1830 painting by Adam August Müller

The Hall of Antiquities at Charlottenborg Palace, Copenhagen is a 19th-century painting by Danish artist Adam August Müller. Done in oil on canvas, the painting depicts a young custodian guarding the hall of antiquities at Charlottenborg Palace, Copenhagen. The work is currently in the collection of the Metropolitan Museum of Art.
== Description ==
=== Background ===
Produced in 1830, Hall of Antiquities was painted by Adam August Müller while the young artist was under the tutelage of Christoffer Wilhelm Eckersberg. A prominent artist of the Danish Golden Age, Eckersberg encouraged his young student to produce paintings in his own style; with the support of his influential tutor, Müller was able to paint in the style of History painting—an uncommon genre among Danish painters of the time.

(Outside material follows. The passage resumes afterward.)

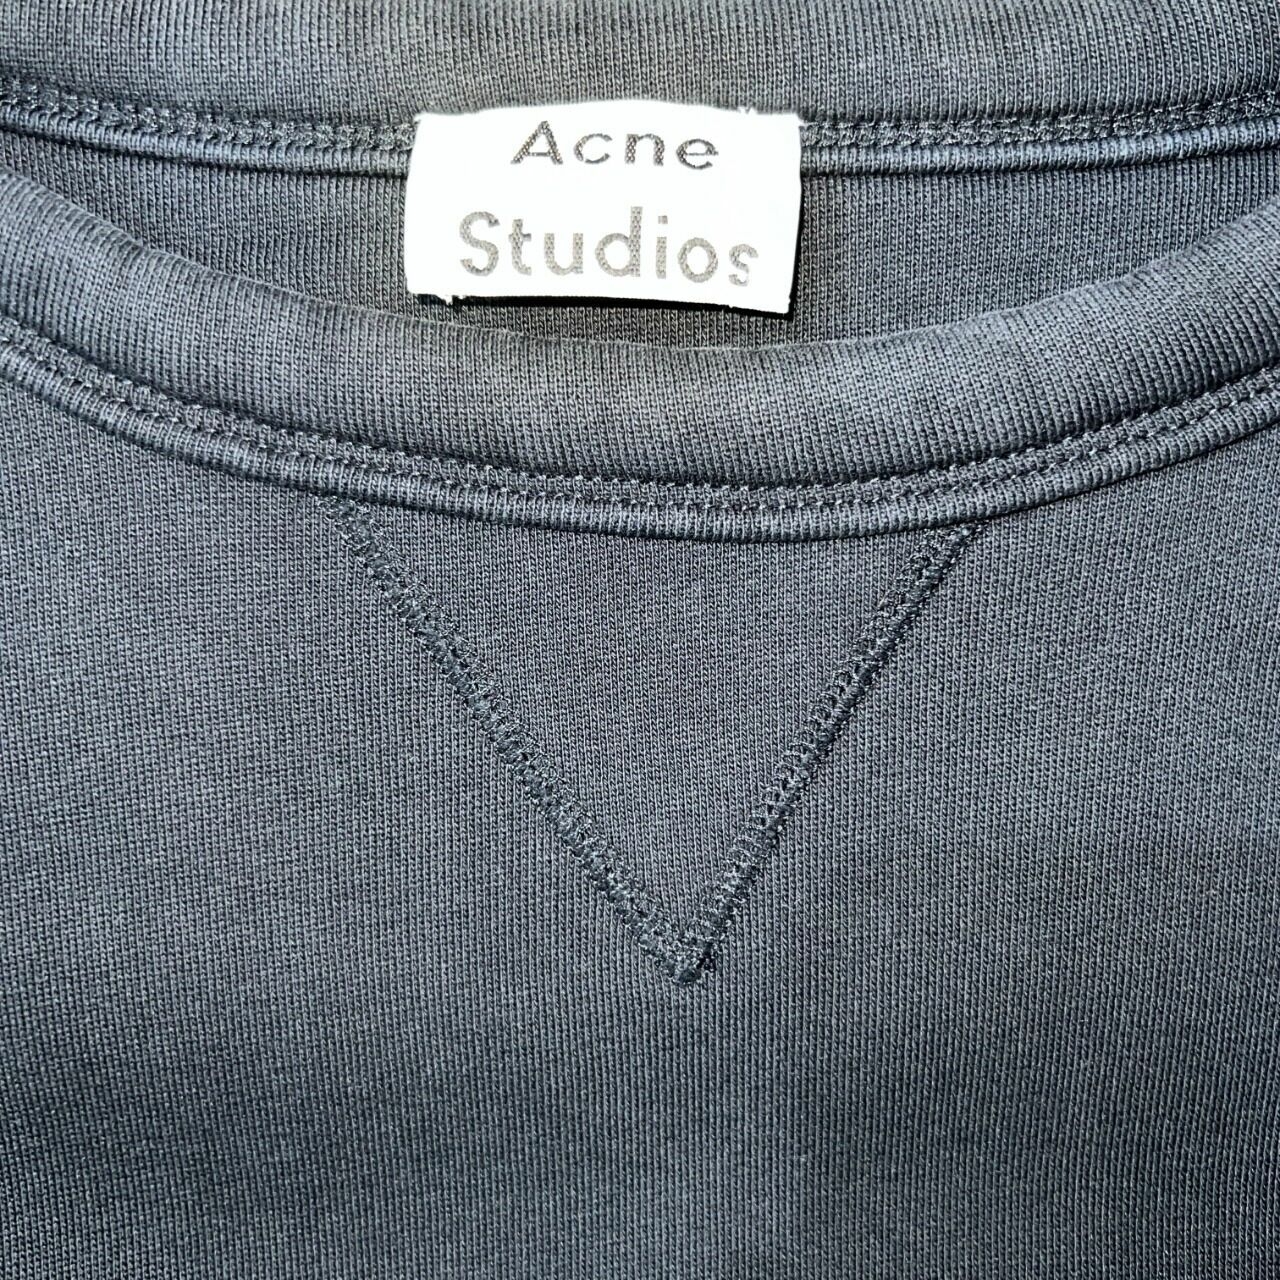 Acne Studios Black Sweater

At the time of Müller's rendering of Hall of Antiquities, the most extensive collection of antiquities in Denmark was located in Charlottenborg Palace. The palace was also the seat of the Royal Danish Academy of Fine Art, and as such was attached great cultural importance in Denmark.

=== Painting ===
Müller's work depicts three chambers in Charlottenborg Palace's hall of antiquities. Several Hellenic sculptures can be seen, as can the relief Hector's Body Surrounded by His Mourning Family, by the contemporaneous Herman Wilhelm Bissen. A single young man (a custodian) can be seen, dressed in the red frock uniform of the palace.